In methylcellulose culture, our HSC exhausted their proliferative capacity after the third plating, while LAFP-transduced HSC form colonies for more than three passages as previously reported.30 Serial replating and day 12 spleen colony-forming unit assays (CFU-S) are thus both suitable to detect functional, self-renewing LSC.20 We observed a dose-dependent suppression of the self-renewal capacity of AML1/ETO-positive cells by dacinostat and vorinostat. This observation is consistent with a gradual loss of self-renewing LSC over time and is in agreement with our previous report demonstrating a diminishing replating capacity of PLZF/RARα-positive LSC upon dacinostat treatment.31
As primary LSC are rare, pathway analysis was performed using transduced IL-3 dependent myeloid 32D cells as a well-accepted model system. Functional impairment of murine 32D but also of human AML cells was associated with downregulation of c-MYC and BMI1. The proliferative potential of leukemic stem and progenitor cells lacking BMI1 is compromised, because they eventually undergo proliferation arrest and show signs of differentiation and apoptosis, leading to failure of the leukemic cells to initiate disease in transplanted syngeneic hosts.22 Dacinostat and vorinostat reduced BMI1 protein levels leading to reversion of the leukemic phenotype. As BMI1 is expressed in all AML cells analyzed so far, it may thus support proliferation and self-renewal of leukemic and progenitor cells independently of PLZF/RARα.32,33 Accordingly, its depletion may be associated with a more general antileukemic or even antitumor effect of DACi, based on our results in AML1/ETO-positive hematopoietic cells and, by another group, in various breast cancer cell lines.34 Downregulation of c-MYC by DACi has been reported previously35-38 and may also account for inhibition of LSC capacity. Here, a reduced protein level of c-MYC was recognized as early as 6 h after addition of DACi (data not shown), suggesting that c-MYC repression is a direct effect of DACi treatment. In contrast, the regulation of the c-MYC target gene BMI113 by DACi was found to be indirect and independent from c-MYC in breast cancer.34 Further studies will have to show if BMI1 is a direct target of c-MYC in our leukemic models.
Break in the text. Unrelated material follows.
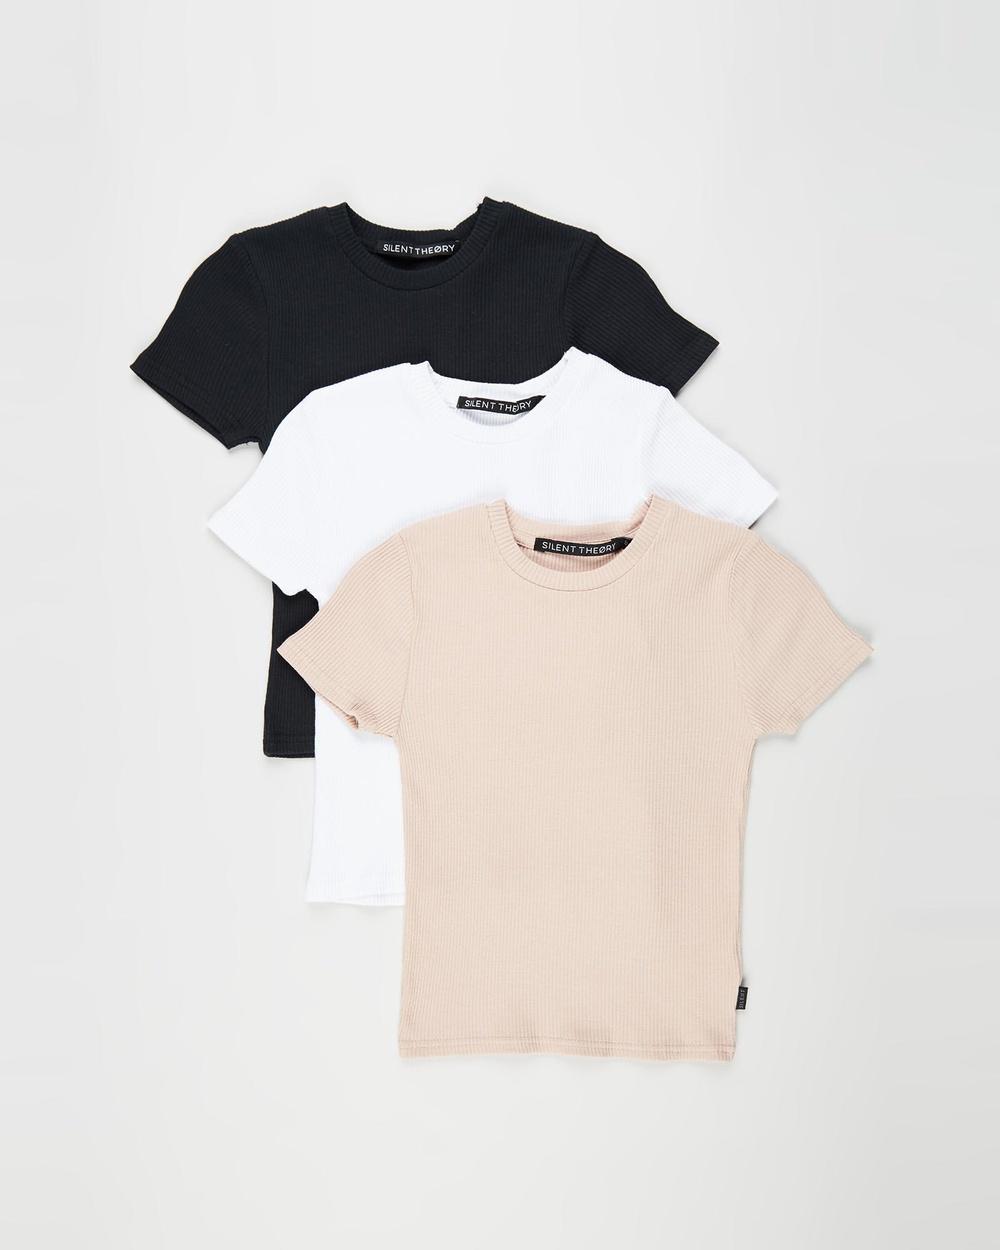 Silent Theory - Manhattan SS Tee 3 Pack - Short Sleeve T-Shirts (MULTICOLOURED) Manhattan SS Tee 3-Pack
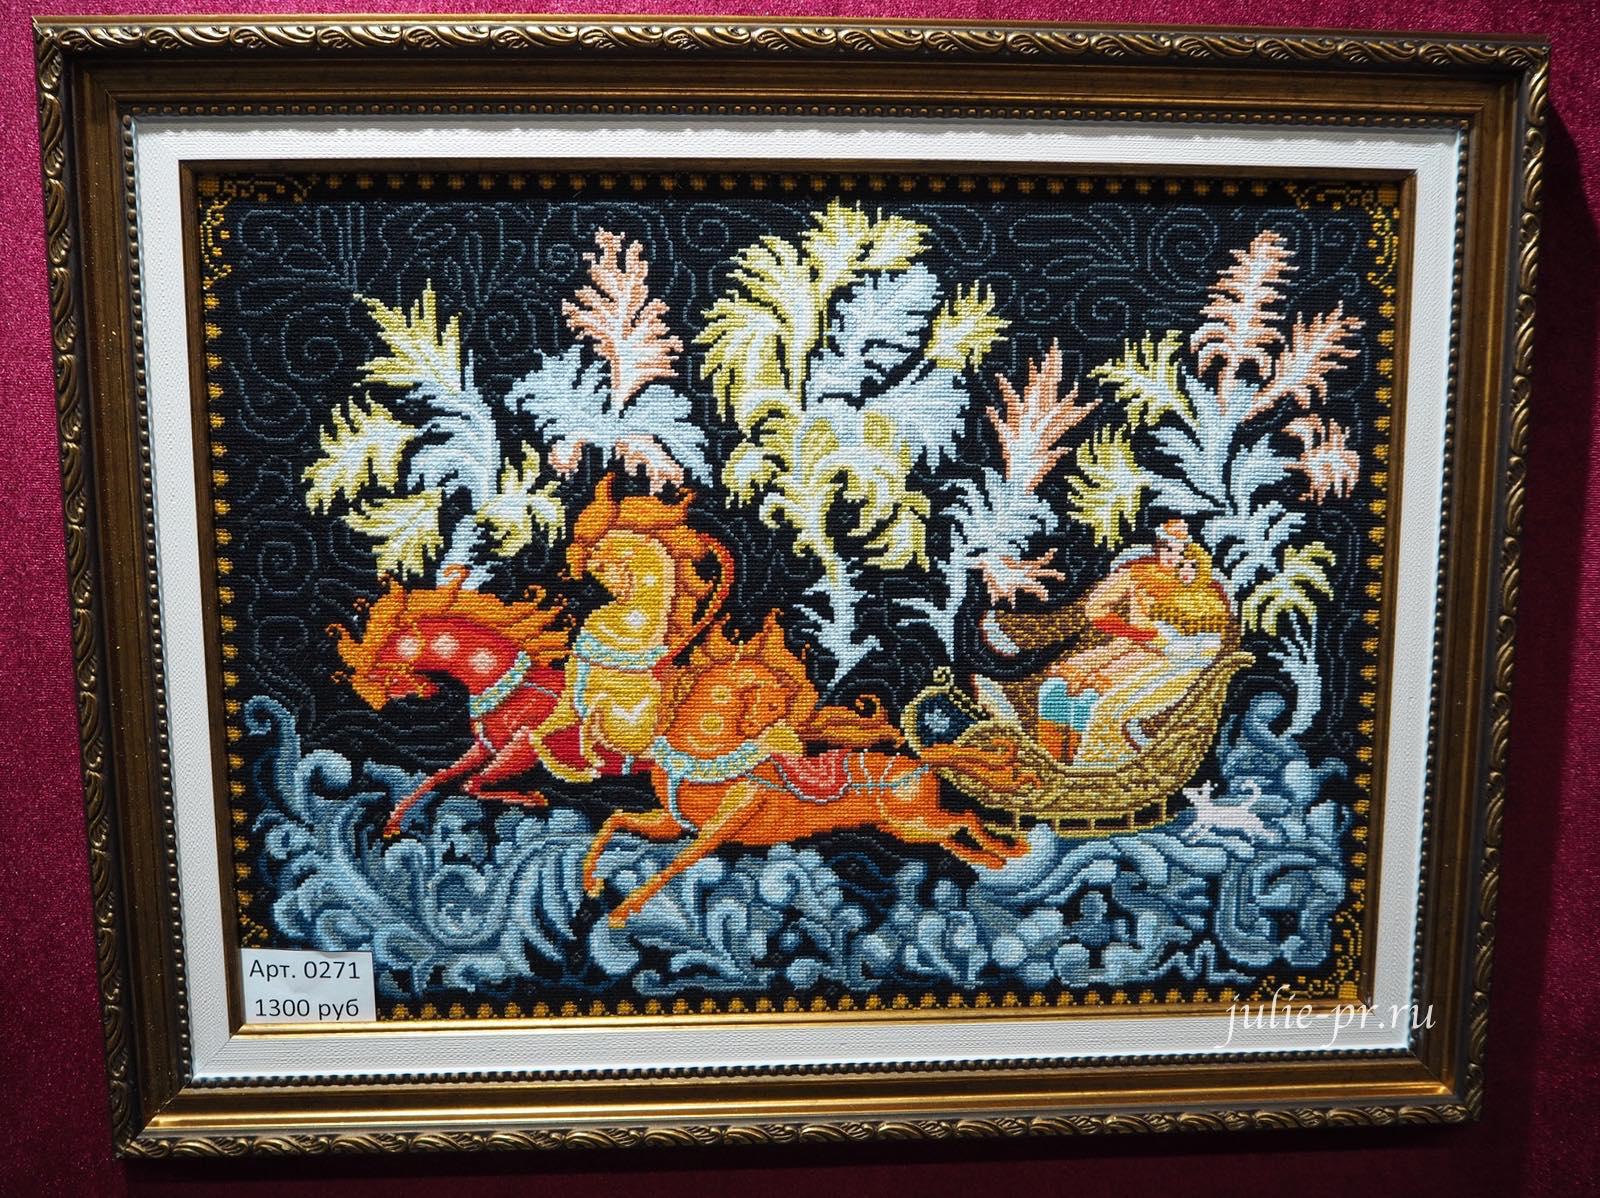 Nitex, вышивка крестом, тройка лошадей

In summary, we present evidence that DACi interfere with signaling pathways controlling survival and proliferation of leukemic stem and progenitor cells. Thus, abrogation or severe reduction of in vitro self-renewal by the hydroxamic acid analogs dacinostat and vorinostat may be associated with beneficial clinical effects, e.g., inducing sensitivity of LSC to chemotherapy.39 Our results have potential impact on the clinical development of DACi. To date, DACi have not been approved for the treatment of AML patients. Although complete remissions have been reported, most patients do not enjoy a satisfactory and sustained antileukemic effect and/or suffer from considerable dose-dependent side effects. According to our data showing a substantial inhibition of LSC, potent DACi may be more relevant in the setting of minimal residual disease requiring prolonged treatment.
Materials and Methods
Cells lines and reagents
The hematopoietic progenitor cells 32D were maintained in RPMI-1640 (Invitrogen) plus 10% fetal calf serum (FCS) (Invitrogen) supplemented with 10 ng/ml of m-IL3 (Peprotech). The ecotropic Phoenix packaging cell line was cultured in Dulbecco's modified Eagle's medium (DMEM) (Invitrogen) containing 10% FCS. Dacinostat was kindly provided by Novartis Pharmaceuticals and vorinostat (suberoylanilide hydroxamic acid, SAHA) by Biozol.
AML samples
Peripheral blood samples were obtained from AML patients at diagnosis or relapse. All patients gave written informed consent. Collection of patient samples was approved by the ethics committee of the Goethe-University of Frankfurt. Baseline morphology, cytogenetics and cell surface antigen analysis were performed as part of the routine clinical evaluation of the patients. Isolation of mononuclear cells and the subsequent immunomagnetic selection of CD34+ or CD34+CD38- cells were performed as previously described.40
Culture and analysis of leukemic progenitor cells
CD34+ cells were maintained in X-Vivo (Lonza) supplemented with 10% FCS (Hyclone), 1% L-Glutamine (Invitrogen), interleukin-3, thrombopoietin (25 ng/mL each), stem cell factor and Flt-3 ligand (50 ng/mL each, Peprotech) for seven days. Either dacinostat or vorinostat were added to the cultured cells. Flow cytometry was performed as previously described.40 For the colony assay, cells harvested from suspension culture were plated in methylcellulose (Methocult® GF H4434, CellSystems Biotech) ± dacinostat or vorinostat. Colonies (> 20 cells) were counted after 12 d and replated if possible. Data were given as mean ± SEM and compared by the Student’s t or Mann-Whitney U-test, as appropriate. p-values < 0.05 were considered as significant.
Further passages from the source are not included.